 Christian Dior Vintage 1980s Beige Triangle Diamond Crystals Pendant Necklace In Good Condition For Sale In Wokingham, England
...
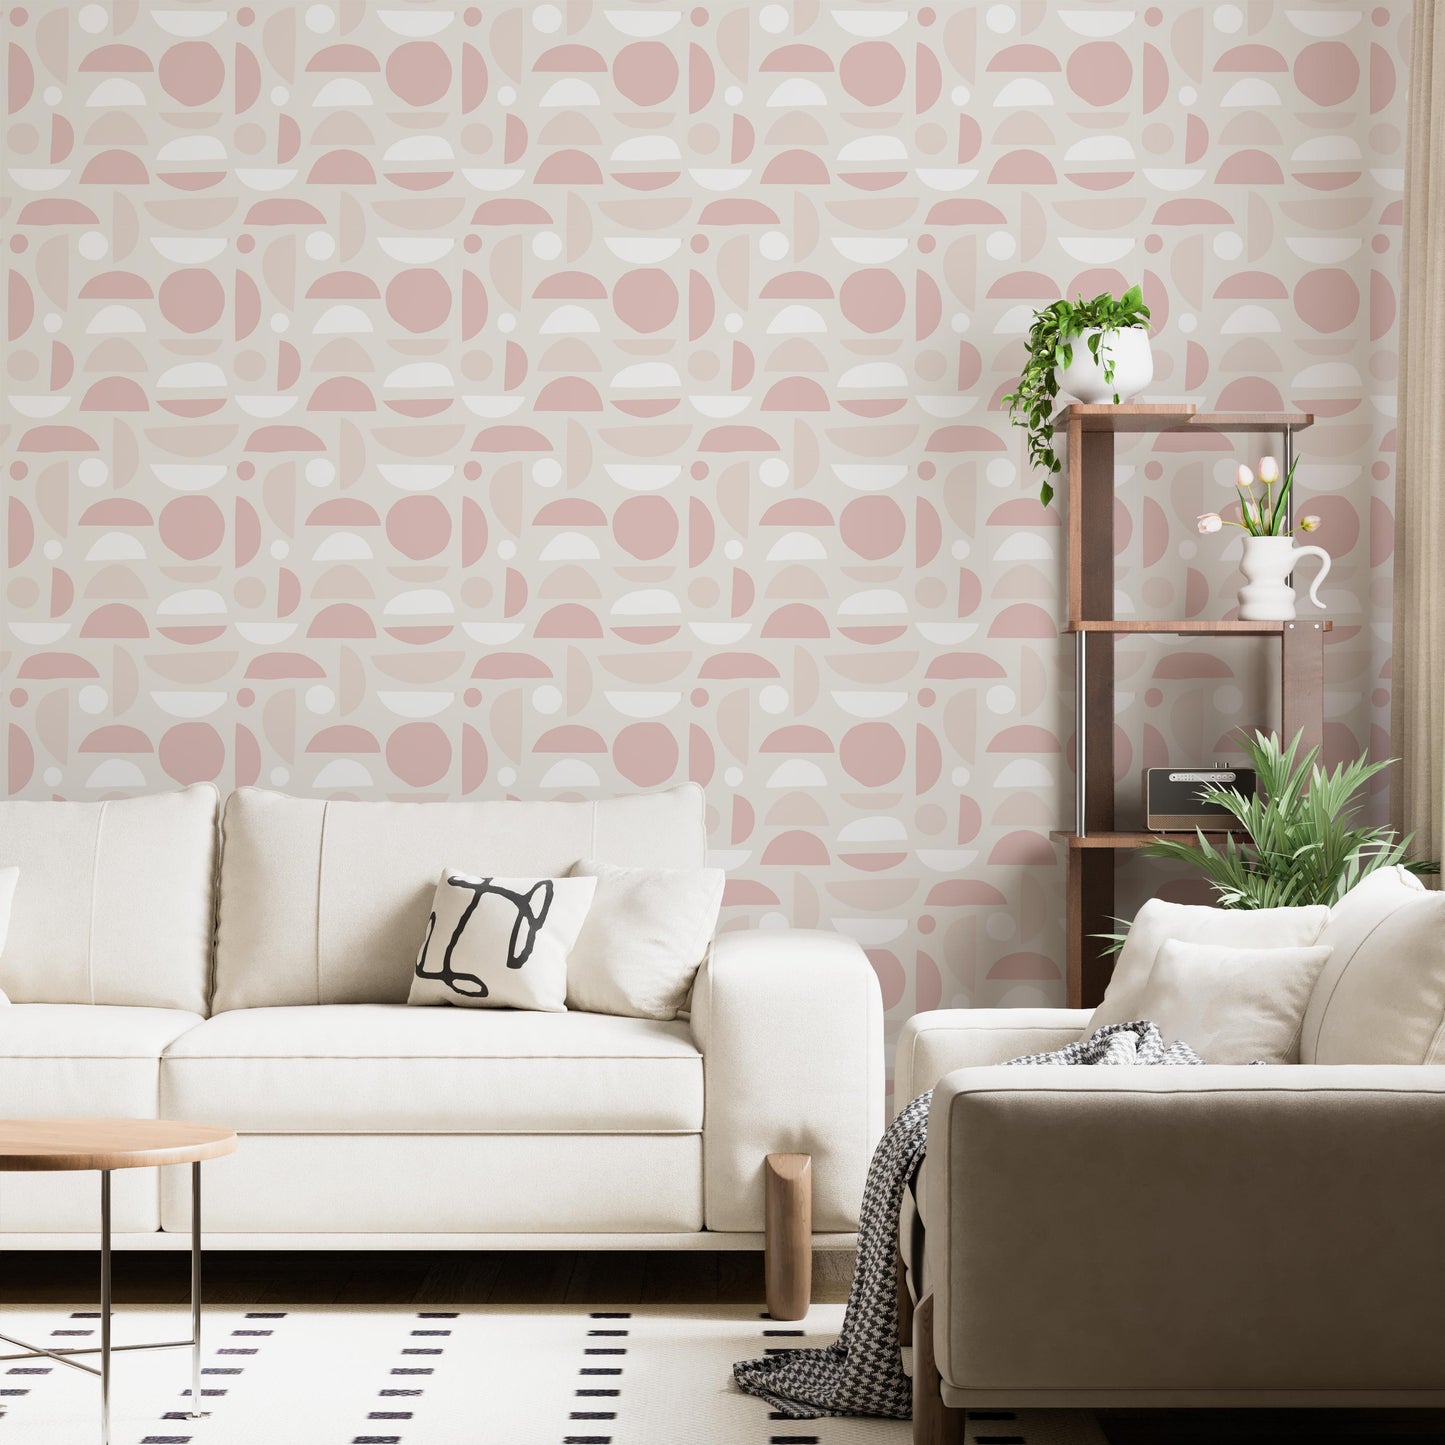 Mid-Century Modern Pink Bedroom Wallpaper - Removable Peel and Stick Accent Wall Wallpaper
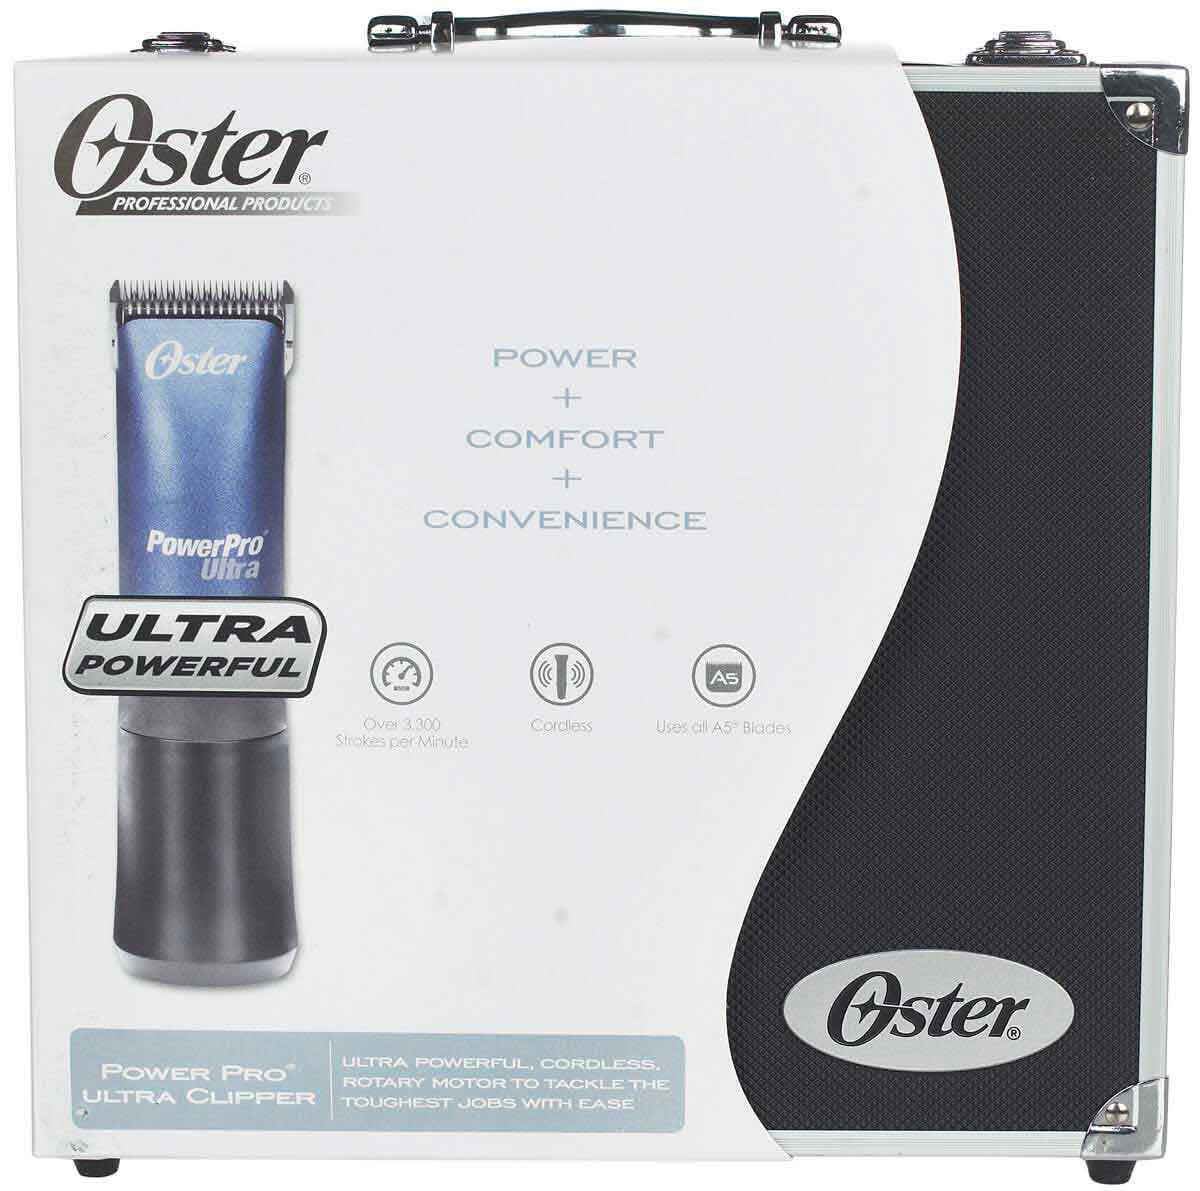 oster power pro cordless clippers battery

● **Work order**:
Repeat exactly the lines above, beginning at the one containing "Mid-Century Modern Pink" and ending at the one containing "oster power pro cordless clippers battery". Do not carry over any pictures.

● **Result of this task**:
 Mid-Century Modern Pink Bedroom Wallpaper - Removable Peel and Stick Accent Wall Wallpaper
 oster power pro cordless clippers battery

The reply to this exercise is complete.